Geographic hotspots of ‘missing zoonoses’ vary by host taxonomic order, with foci for carnivores and even-toed ungulates in Eastern and Southern Africa, bats in South and Central America and parts of Asia, primates in specific tropical regions in Central America, Africa, and Southeast Asia; and rodents in pockets of North and South America and Central Africa. Areas where ‘missing zoonoses’ predictions were systematically biased varied by taxonomic order, but included large parts of Africa for the all mammal dataset (Fig. 3a, Extended Data Figs. 3–8f). In contrast, the distribution of bias in predicting the ‘missing viruses’ for all mammals was limited to patches of northeastern Asia, Greenland, Peninsular Malaysia, and scattered grid cells in Western Asia and Patagonia (Extended Data Fig. 3c). We also identify geographic regions with large numbers of mammal species currently lacking any information regarding their viral diversity (Extended Data Figs. 3i–8i). In combination, these maps can be used for cost effective allocation of future resources for viral discovery programs, such as the recently proposed “Global Virome Project”27.
Finally, a significant challenge to preventing future disease emergence is estimating the zoonotic potential of a newly-discovered viral species or strain based on viral traits4–6,28. The best model for determining whether or not a known virus (n=586 mammalian viruses) has been observed as zoonotic explained 27.2% of total deviance and included maximum phylogenetic host breadth (PHB – a virus-specific trait that measures the phylogenetic range of known hosts, excluding humans), research effort, whether or not a virus replicates in the cytoplasm, is vector-borne, or is enveloped, and average genome length (Fig. 4).

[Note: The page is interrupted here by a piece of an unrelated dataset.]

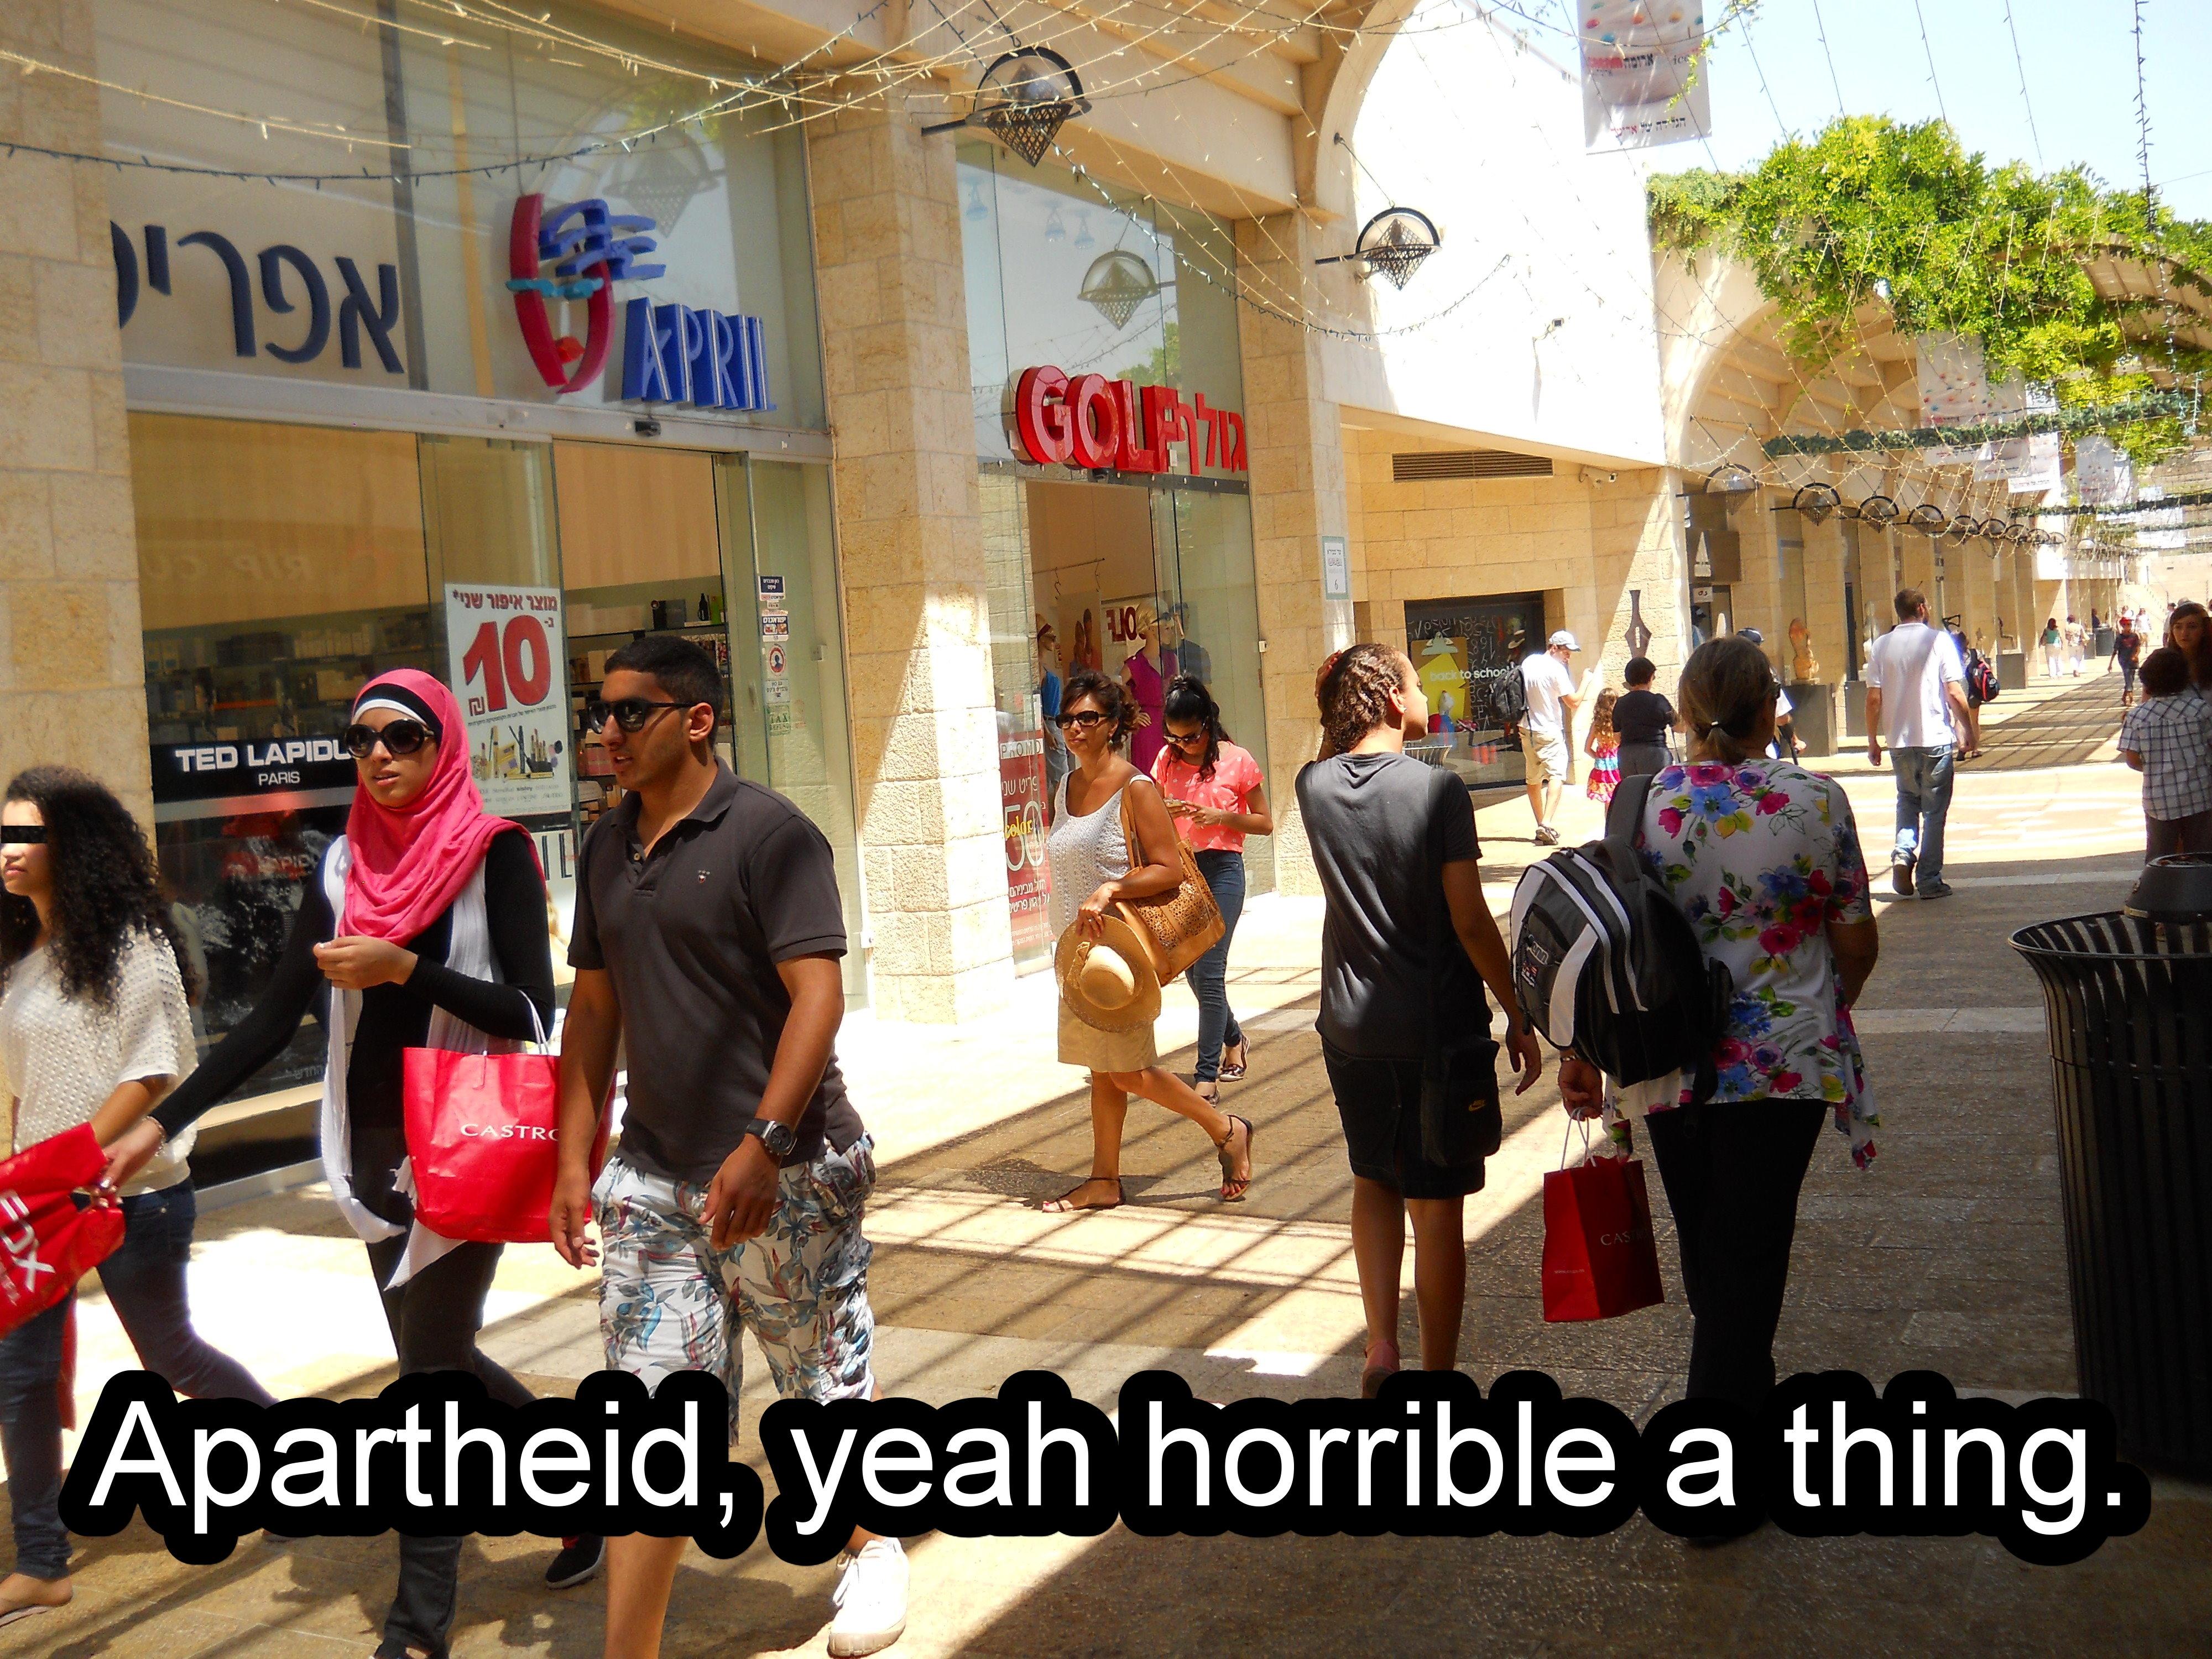 Apartheid12
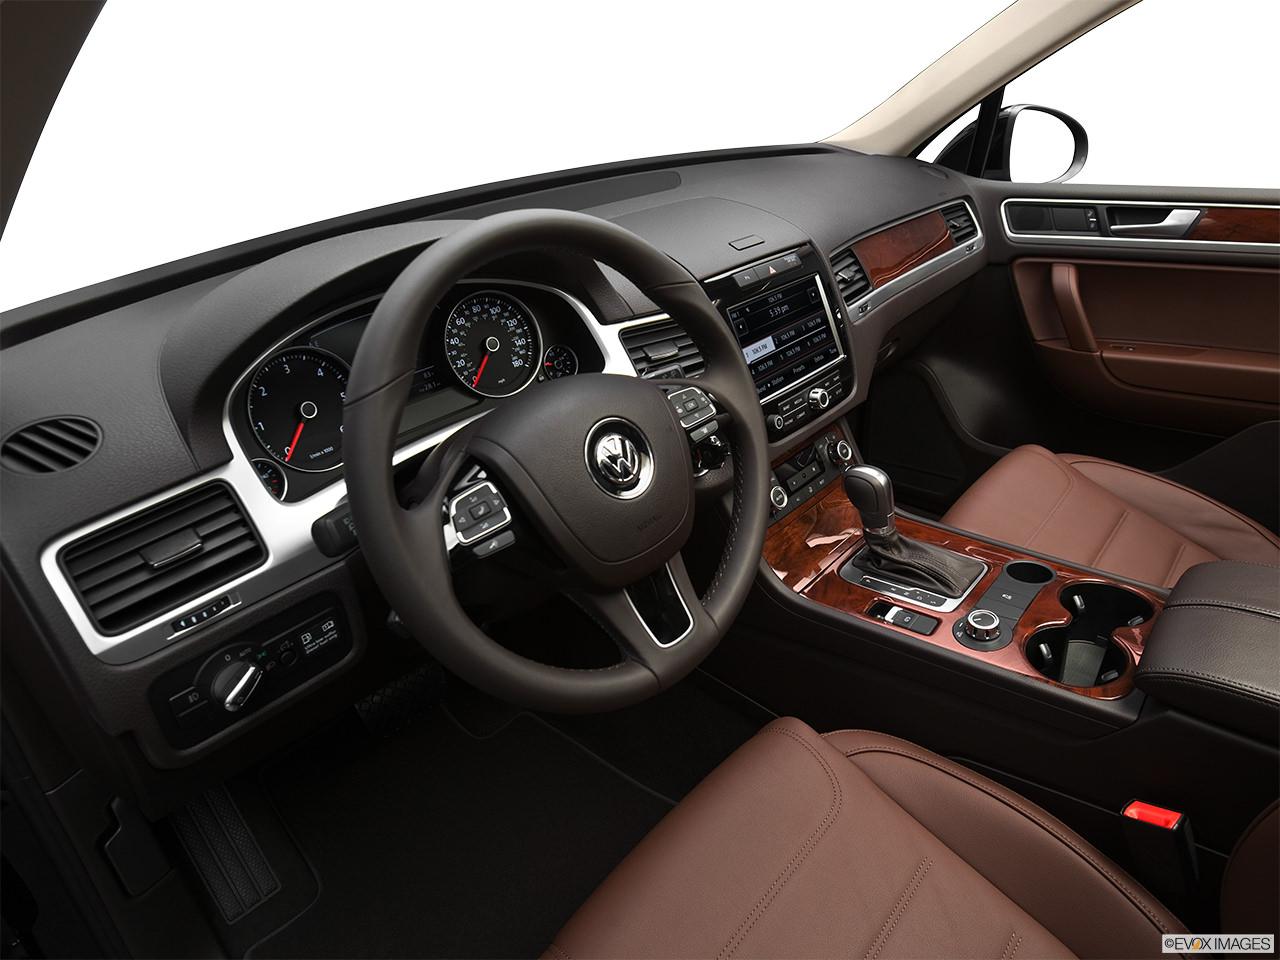 Volkswagen Touareg TDI 2012 Interior

Using the ‘stringent’ dataset to define whether a virus is zoonotic resulted in a reduced model that excluded enveloped status and genome length (Extended Data Table 1). Our findings confirm a positive relationship between zoonotic potential and ability to replicate in the cytoplasm7, and that viruses with arthropod vectors may be able to infect a wider range of mammalian hosts5. Our phylogenetically-explicit measure of host breadth, PHB, can be used at various hierarchical taxonomic levels to quantify and rank viruses from specialist to generalist, and was the strongest predictor of zoonotic potential (12.4% of total deviance explained). This highlights the value of field programs to identify the natural host range of newly discovered pathogens in order to develop early proxies for their zoonotic potential4. Significant variation in PHB across viral families is suggestive of intrinsic differences in a virus’ ability to infect diverse hosts, and this relates to the proportion of observed zoonoses in each family (Fig. 4a).
We acknowledge several important caveats. First, our estimates of ‘missing viruses’ and ‘missing zoonoses’ per species are based on the current maximum observed research effort from the literature, and these estimates should be viewed as relative, not absolute. The true size of the undiscovered mammalian virome will likely increase with new genetic tools for unbiased viral discovery and in depth studies that repeatedly sample wildlife populations over time25. Second, our ecological and biological predictor variables only explain a portion of the total variation in viral richness per host and zoonotic potential based on viral traits, although this is greater than that reported in comparable order-specific studies10,12. Third, while we control for research effort we cannot account for viruses or host associations that have completely evaded human detection to date, nor those identified but not published. Additional resources to support better data-sharing and on-the-ground viral surveillance in the species and regions we identify would help validate predictive models to identify zoonotic viral hotspots, and streamline costly efforts to develop measures to prevent their future emergence.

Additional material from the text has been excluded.